BEIJING, Jan. 21, 2021 /PRNewswire/ -- TuanChe
Limited ("TuanChe" or the "Company") (NASDAQ: TC), a leading
omni-channel automotive marketplace in China, today announced that its board of
directors (the "Board") has received a preliminary non-binding
proposal letter (the "Proposal") dated January 21,
2021 from its chairman and chief executive officer,
Mr. Wei Wen ("Mr. Wen"), proposing to acquire all of the
outstanding ordinary shares (the "Shares") of the Company,
including Shares represented by American depositary shares (the
"ADSs," each representing sixteen (16) Class A ordinary shares),
that are not already owned by Mr. Wen for a purchase price of
US$4.25 per ADS in cash in a going
private transaction (the "Proposed Transaction"), subject to
certain conditions. A copy of the Proposal is attached hereto as
Annex A.
According to the Proposal, the Proposed Transaction is intended
to be financed through debt and/or equity capital, where equity
capital will be provided at least in part by Mr. Wen in the form of
rollover equity in the Company.
The Board intends to form a special committee consisting of
independent and disinterested directors to consider the Proposal.
The Board expects that the special committee will retain
independent advisors, including independent financial and legal
advisors, to assist it in this process.
The Board cautions the Company's shareholders and others
considering trading the Company's securities that the Board has
just received the Proposal and has not had an opportunity to
carefully review and evaluate the Proposal or make any decision
with respect to the Company's response to the Proposal. There can
be no assurance that any definitive offer will be made, that any
definitive agreement will be executed relating to the Proposed
Transaction or that this or any other transaction will be approved
or consummated. The Company does not undertake any obligation to
provide any updates with respect to this or any other transaction,
except as required under applicable law.
About TuanChe
Founded in 2010, TuanChe Limited (NASDAQ: TC) is a leading
omni-channel automotive marketplace in China. TuanChe offers services to connect
automotive consumers with various industry players such as
automakers, dealers and other automotive service providers. TuanChe
provides automotive marketing and transaction related services by
integrating its online platforms with offline sales events. Through
its integrated marketing solutions, TuanChe turns individual and
isolated automobile purchase transactions into large-scale
collective purchase activities by creating an interactive
many-to-many environment. TuanChe also provides virtual dealership
services by connecting automakers and franchised dealerships with
secondary dealers, which ultimately helps automakers penetrate and
expand into lower-tier cities. Furthermore, leveraging its
proprietary data analytics and advanced digital marketing system,
TuanChe's online marketing service platform helps industry
customers increase the efficiency and effectiveness of their
advertising placements. For more information, please
contact ir@tuanche.com.
Safe Harbour Statement
This announcement contains forward-looking statements within the
meaning of Section 27A of the Securities Act of 1933, as amended,
and Section 21E of the Securities Exchange Act of 1934, as amended,
and as defined in the U.S. Private Securities Litigation Reform Act
of 1995. These forward-looking statements include, without
limitation, the approval and the consummation of the Proposed
Transaction contemplated by the Proposal or any alternative
transaction, which can be identified by terminology such as "may,"
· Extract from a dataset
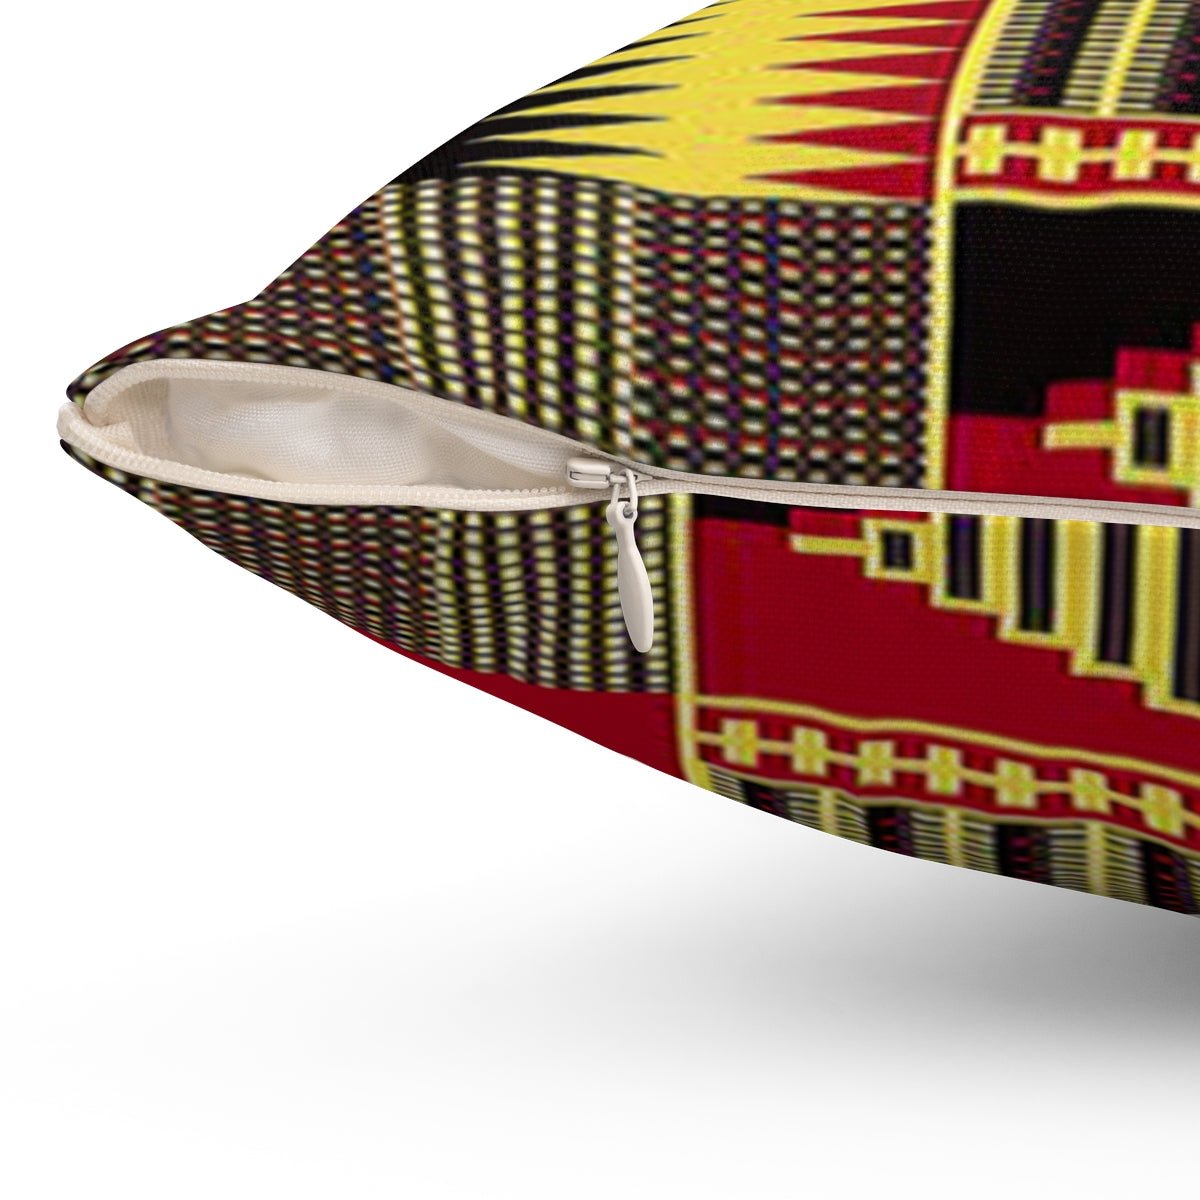 2 Sets of Kente Cushion Pillow Case Throw Cover - Bynelo

"will," "expect," "anticipate," "aim," "estimate," "intend,"
"plan," "believe," "potential," "continue," "is/are likely to" or
other similar expressions. Such statements are based upon
management's current expectations and current market and operating
conditions, and relate to events that involve known or unknown
risks, uncertainties and other factors, all of which are difficult
to predict and many of which are beyond the Company's control.
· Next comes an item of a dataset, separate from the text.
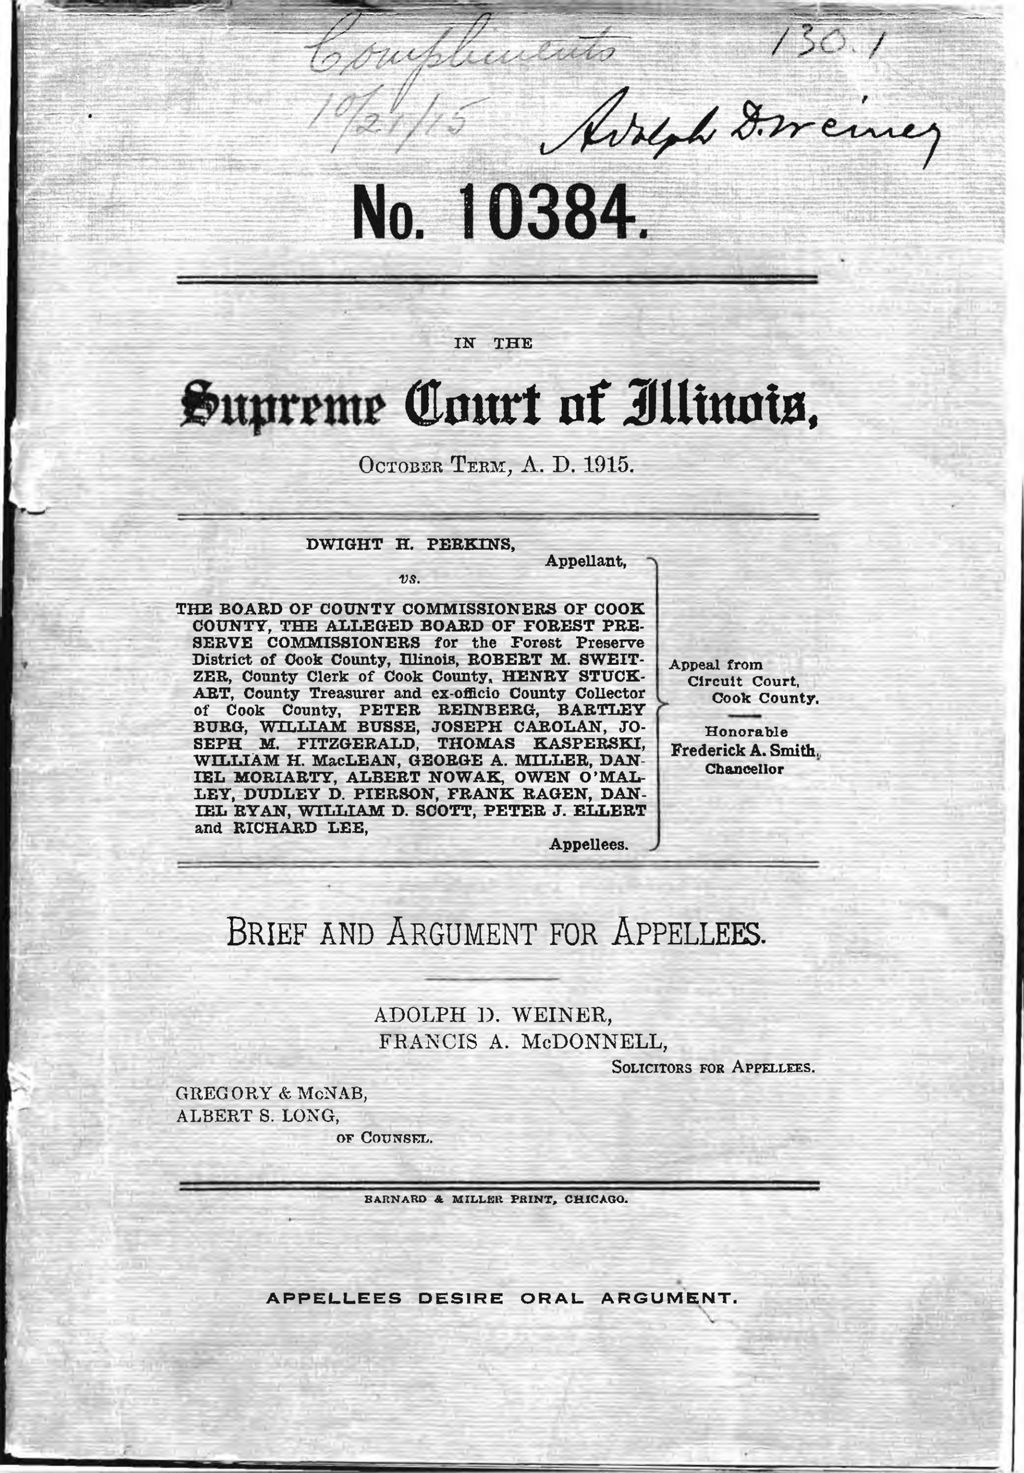 Miniature of Brief and Argument for Appellees, Perkins v. Board of County Commissioners, 1915.

Further information regarding these and other risks, uncertainties
or factors is included in the Company's filings with the U.S.
Securities and Exchange Commission. The Company does not undertake
any obligation to update any forward-looking statement as a result
of new information, future events or otherwise, except as required
under law.
For investor and media inquiries, please contact:
TuanChe Limited
Chenxi
Yu
Tel: +86 (10) 6398-2942
Email: ir@tuanche.com
The Piacente Group, Inc.
Brandi Piacente
Tel: +1 (212) 481-2050
Email: tuanche@tpg-ir.com
Yang Song
Tel: +86 (10) 6508-0677
Email: tuanche@tpg-ir.com
Annex A
Non-Binding Proposal Letter from Mr. Wen
January 21, 2021
The Board of Directors
TuanChe Limited
9F, Ruihai Building, No. 21 Yangfangdian Road
Haidian District
Beijing 100038, People's Republic of China
Dear Sirs:
I, Wei Wen, Chairman and CEO of
TuanChe Limited (the "Company"), am pleased to submit this
preliminary non-binding proposal (this "Proposal") to acquire all
outstanding ordinary shares (the "Shares") of the Company,
including all the Shares represented by American depositary shares
("ADS", each representing sixteen (16) Class A Shares), that are
not already owned by me in a going-private transaction (the
"Acquisition").
I believe that the Proposal will provide a very attractive
opportunity to the Company's shareholders. My proposed
purchase price of US$ 4.25 per ADS in
cash represents a premium of approximately 22% over the closing
price of the Company's ADSs on January 20,
2021, a premium of approximately 17% to the average closing
price of the Company during the last 60 trading days and a premium
of approximately 18% to the average closing price of the Company
during the last 90 trading days.
The terms and conditions upon which I am prepared to pursue the
Acquisition are set forth below. I beneficially own approximately
17.6% of all the issued and outstanding Shares of the Company,
which represent approximately 75.7% of the aggregate voting power
of the Company, based on the Company's latest outstanding number of
shares as publicly disclosed.
1. Buyer. I intend to form an acquisition vehicle
for the purpose of pursuing the Acquisition.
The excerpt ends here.